-- Your objective --
Only one stretch of the data should be retyped: the lines from the line containing "61. KÁSLER M." through the line containing "Scarves Australia Gift". Keep pictures out of it.

-- Records provided --
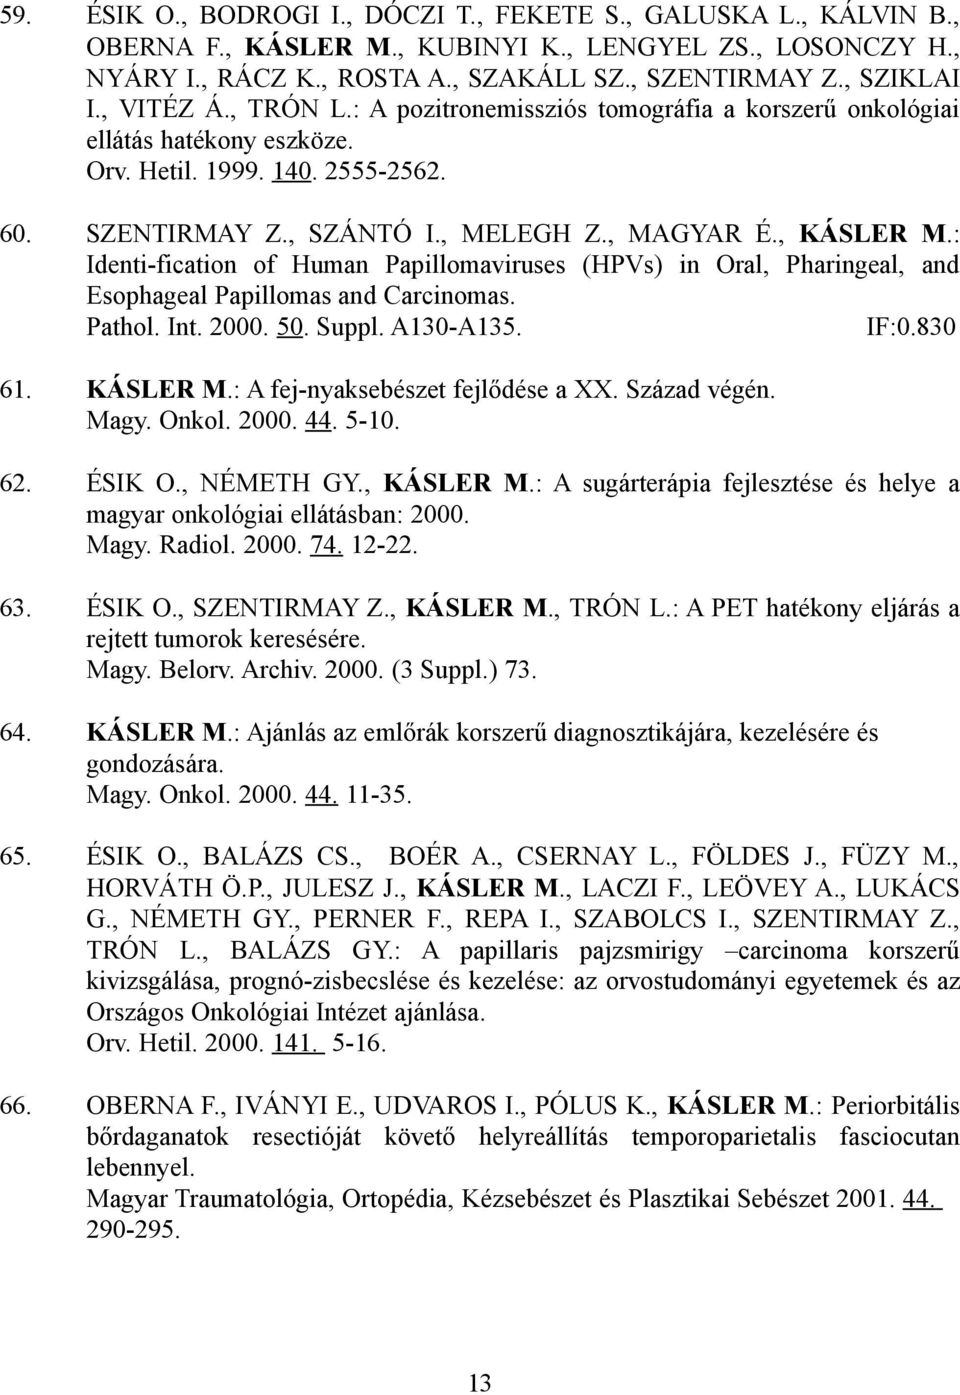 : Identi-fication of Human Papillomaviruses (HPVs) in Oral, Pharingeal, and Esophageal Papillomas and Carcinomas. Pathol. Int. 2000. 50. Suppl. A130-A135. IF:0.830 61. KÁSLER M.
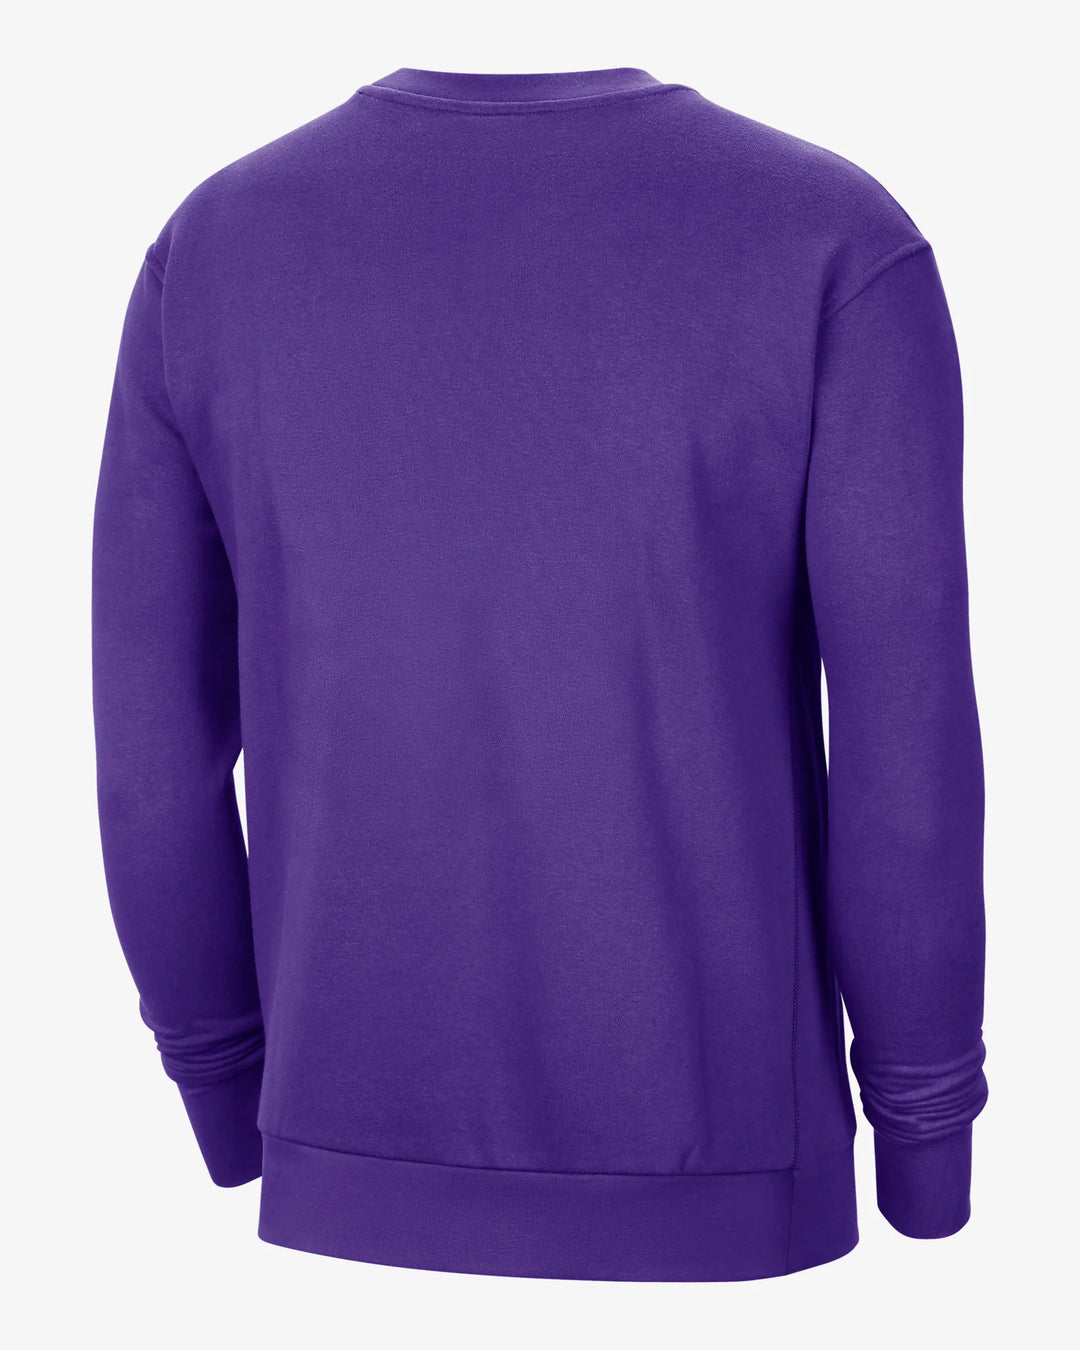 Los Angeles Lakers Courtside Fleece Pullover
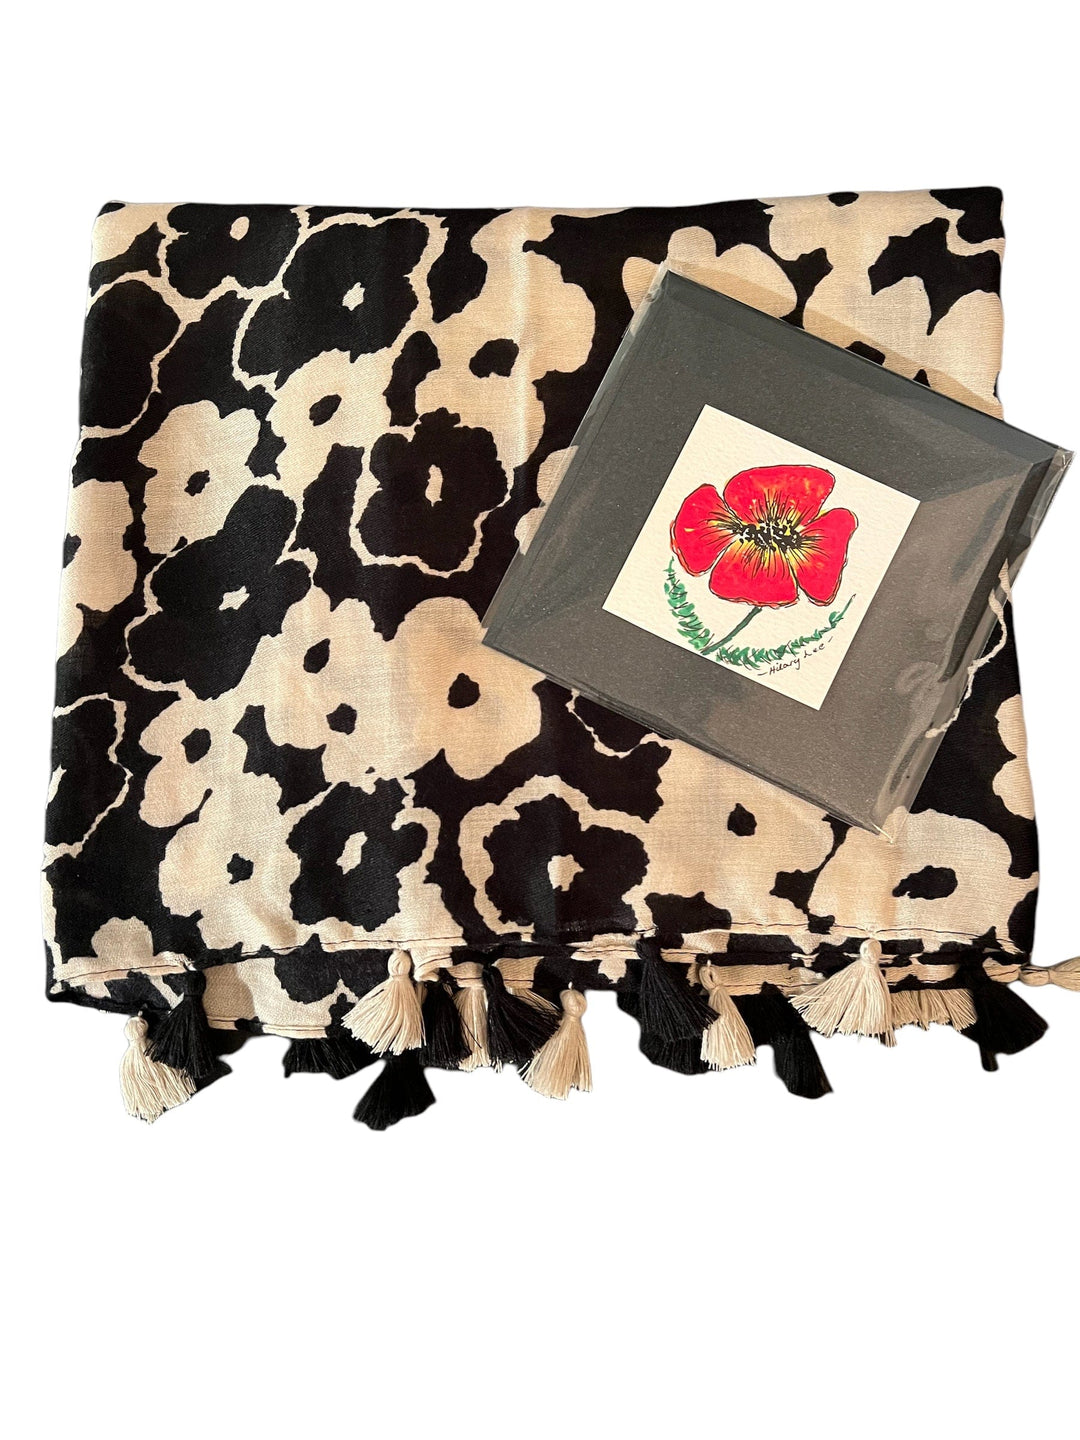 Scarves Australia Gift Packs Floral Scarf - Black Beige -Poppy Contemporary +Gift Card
---
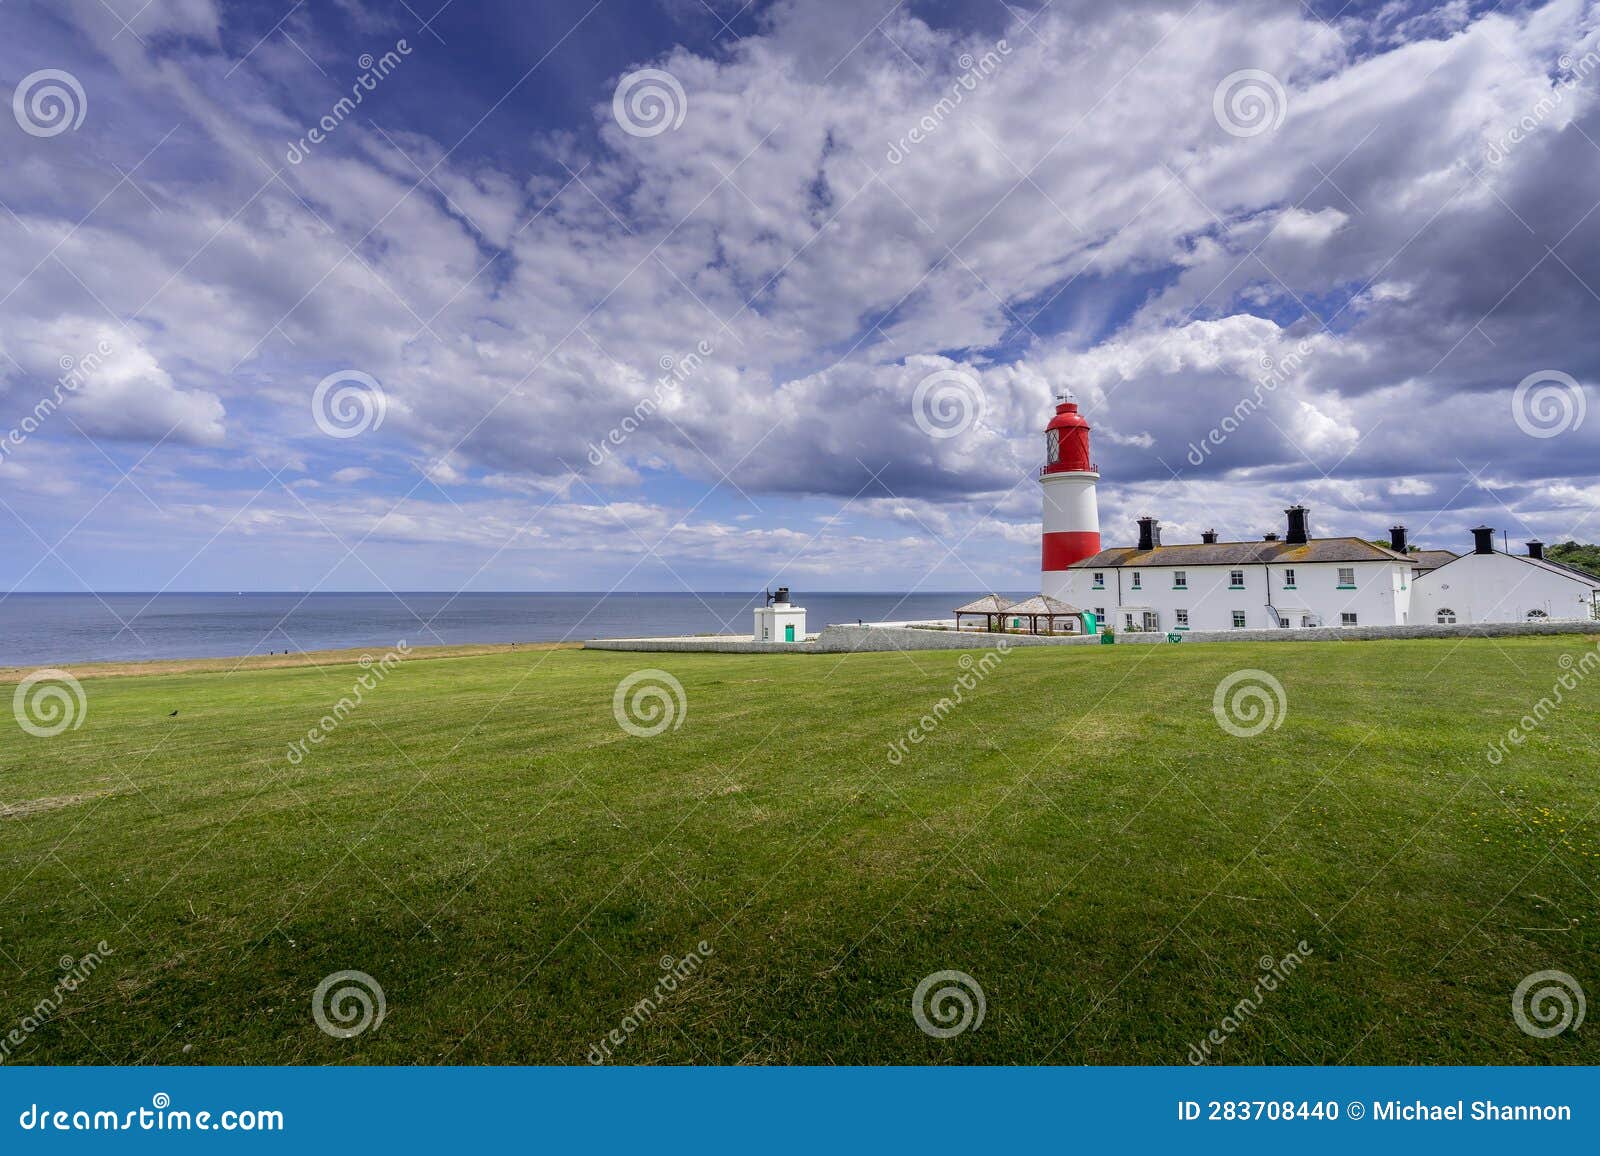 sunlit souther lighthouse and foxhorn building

-- Solution to this exercise --
 : Identi-fication of Human Papillomaviruses (HPVs) in Oral, Pharingeal, and Esophageal Papillomas and Carcinomas. Pathol. Int. 2000. 50. Suppl. A130-A135. IF:0.830 61. KÁSLER M.
 Los Angeles Lakers Courtside Fleece Pullover
 Scarves Australia Gift Packs Floral Scarf - Black Beige -Poppy Contemporary +Gift Card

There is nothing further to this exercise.